In a GP the 3rd term is equal to four times the first term and the sixth term is equal to three times the fourth term plus 32. determine the sequence.

ar^2 = 4a

ar^5 = 3(ar^3)+32

Now crank it out

To determine the sequence in a geometric progression (GP), we need to find the common ratio (r) and the first term (a).

Let's denote the first term as "a" and the common ratio as "r".

Given information:
- The 3rd term is equal to four times the first term.
- The 6th term is equal to three times the fourth term plus 32.

Using these conditions, we can set up equations:

1. The 3rd term is four times the first term:
a * r^2 = 4a

2. The 6th term is three times the fourth term plus 32:
a * r^5 = 3(a * r^3) + 32

We have two equations with two unknowns, so we can solve them simultaneously.

From the first equation, we can divide both sides by "a":
r^2 = 4

Taking the square root of both sides:
r = ±2

Since the common ratio cannot be negative, we take r = 2.

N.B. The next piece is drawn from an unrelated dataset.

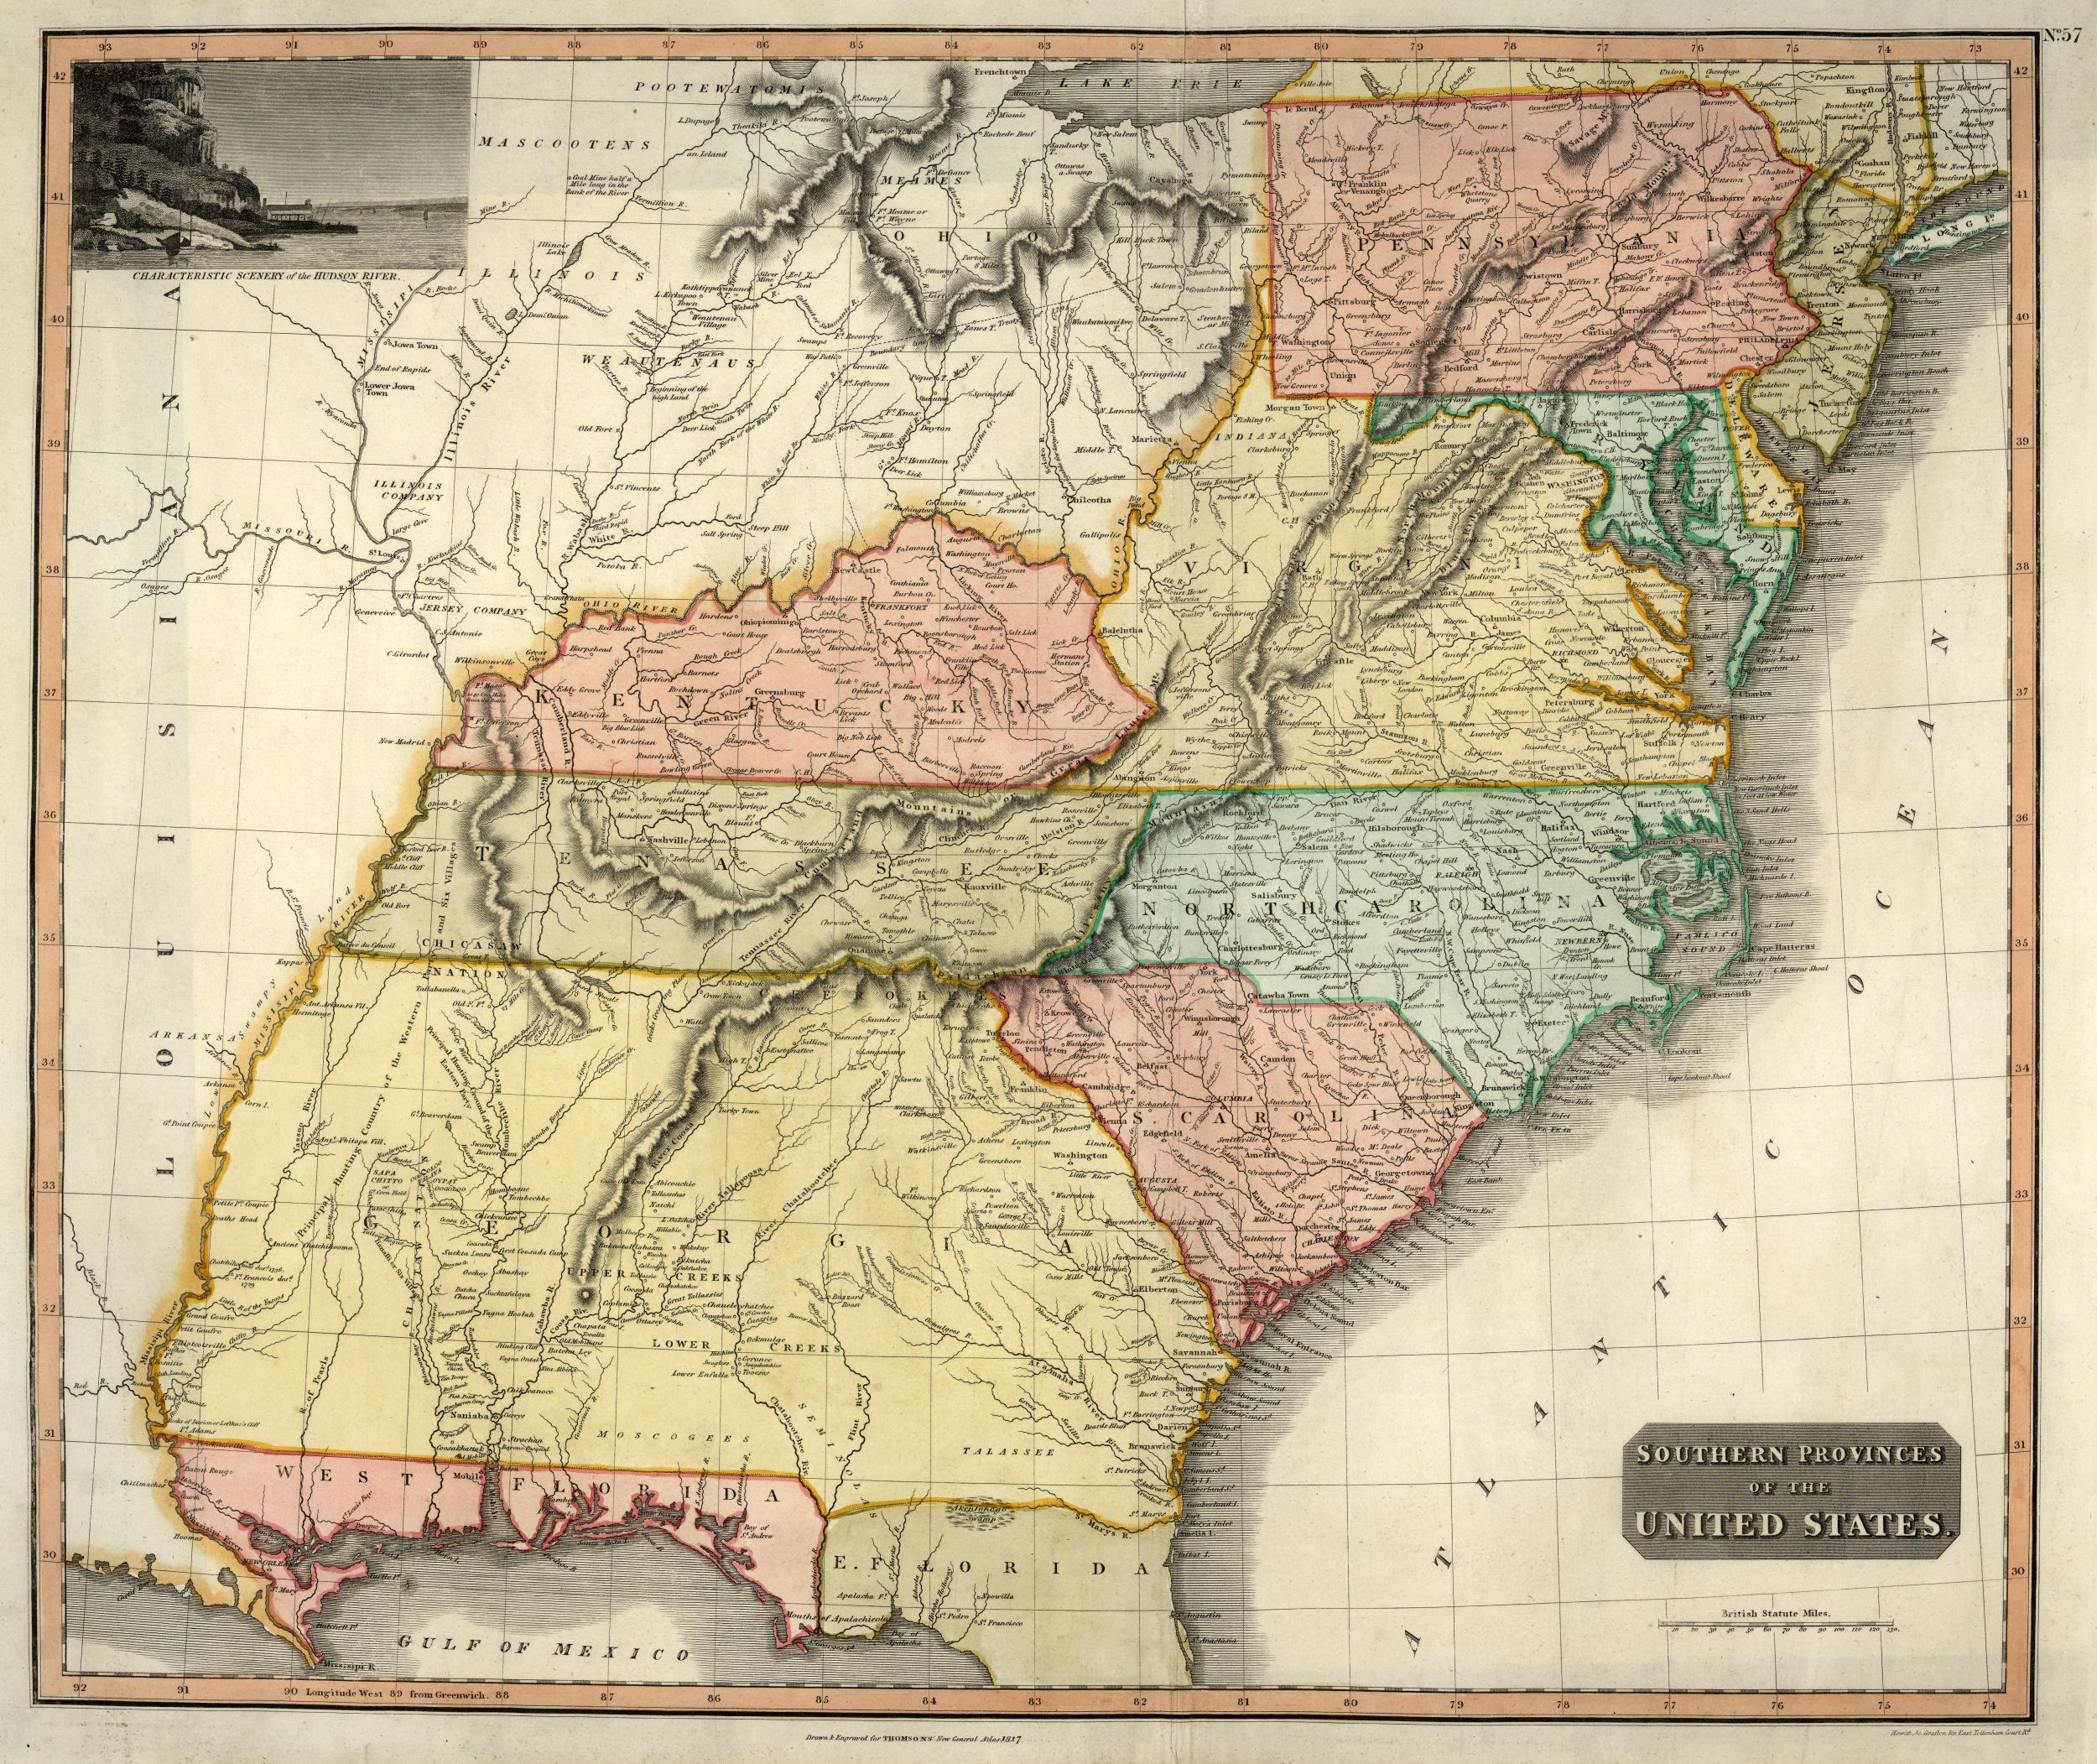 Southern Provinces of the United States, 1817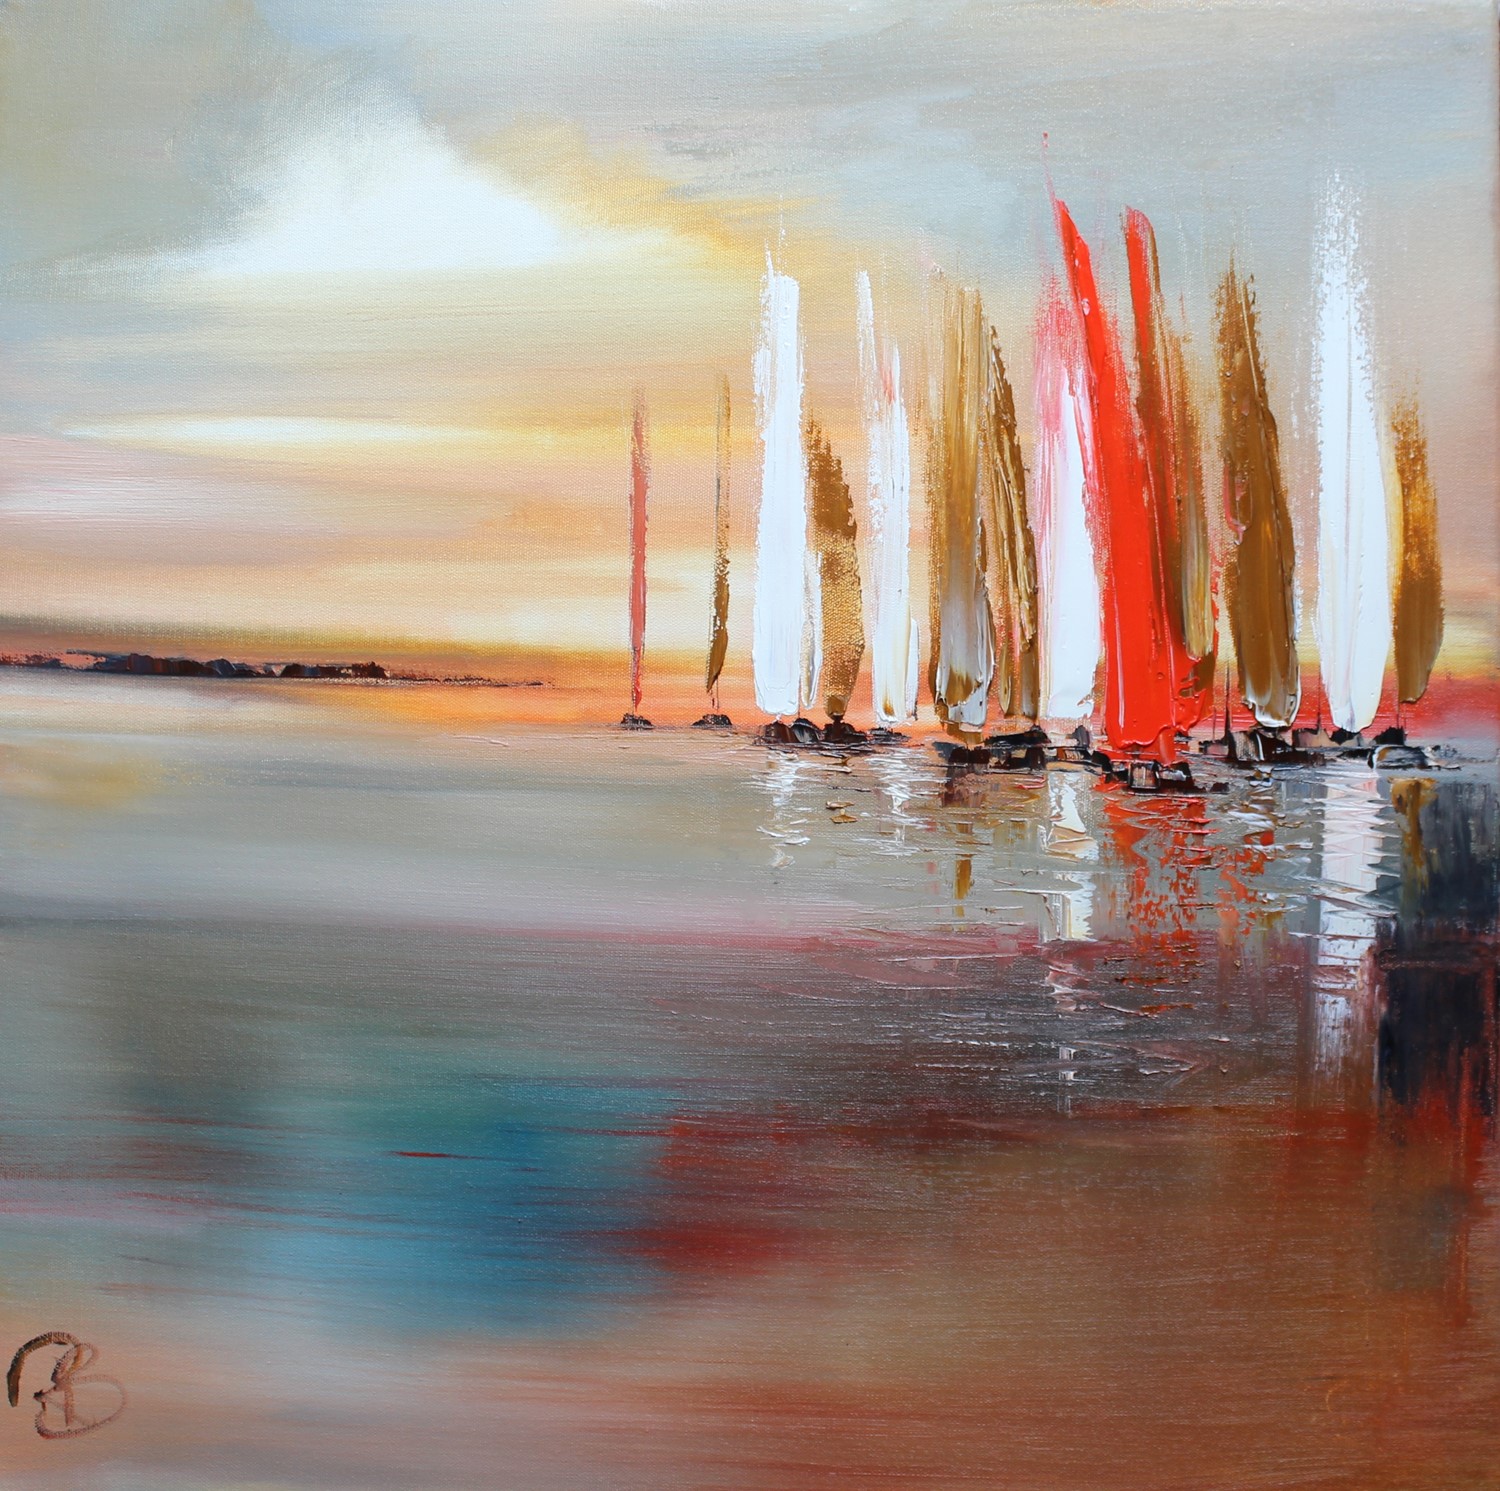 'At the Break of Day' by artist Rosanne Barr

Substituting r = 2 into the second equation:
a * 2^5 = 3(a * 2^3) + 32
32a = 24a + 32

Simplifying:
8a = 32
a = 4

Now that we have found the first term (a = 4) and the common ratio (r = 2), we can determine the sequence.

The sequence in the geometric progression is:
4, 8, 16, 32, 64, 128, ...

Each term can be obtained by multiplying the previous term by 2.